Let $M:\mathbb{C}\to \mathbb{C}$ be a matrix and equip $\mathbb{C}$ with the norm
$$\|x\|_\infty=\max_{1\le j\le n}|x_j|.$$
If the operator norm is given by
$$\|M\|=\sup_{\|x\|=1}|Mx|,$$ is it possible to compute the operator norm exactly in terms of the matrix entries?

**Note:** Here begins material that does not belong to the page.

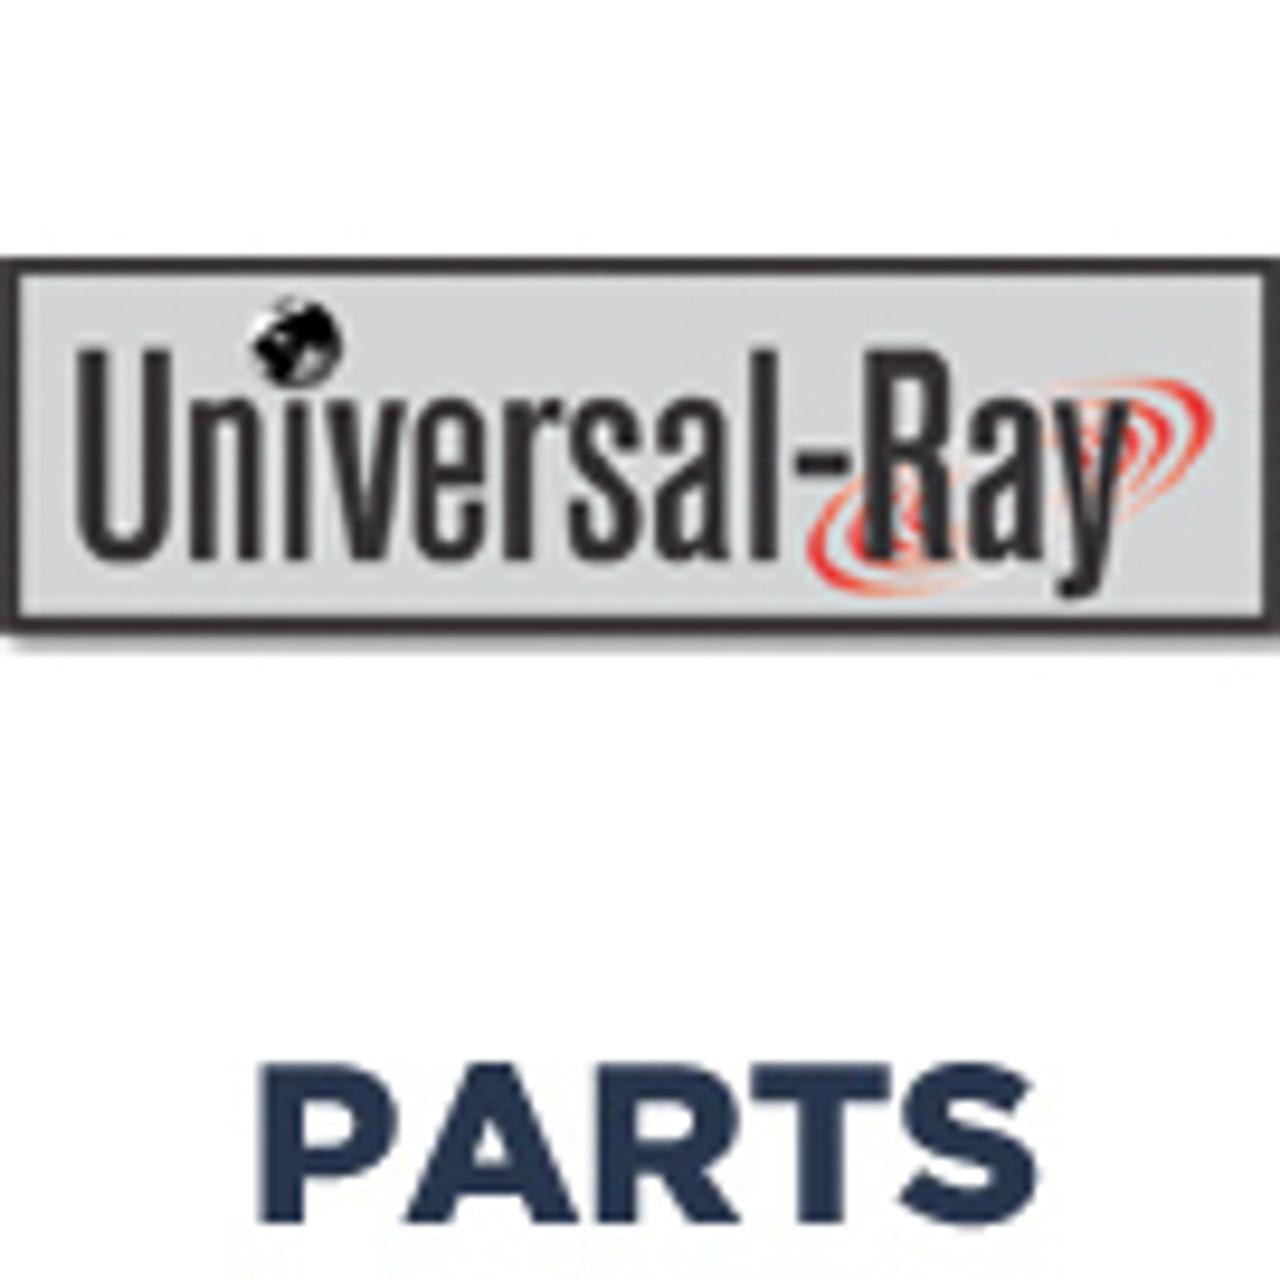 Universal-Ray Parts

Since $(Mx)_i=\sum_{j=1}^nm_{ij}x_j$, we have
$$\|M\|=\sup_{\|x\|_\infty=1}\max_{1\le i\le n}\bigg|\sum_{j=1}^nm_{ij}x_j\bigg|.$$ From here, it is clear how one might bound this norm, but it is not clear to me how to compute it exactly without knowledge of the matrix.
Best Answer
Hint: Using the triangle inequality, show that if $\|x\|_\infty = 1$, then $$ |(Mx)_i| \leq \sum_{j=1}^n |m_{ij}|. $$ This gives you an upper bound for $\|M\|$, i.e. a value $C$ that depends on the entries of $M$ for which $\|M\| \leq C$. Using the entries of $M$, find a vector $x$ for which $\|x\|_\infty = 1$ and $\|Mx\|_\infty = C$.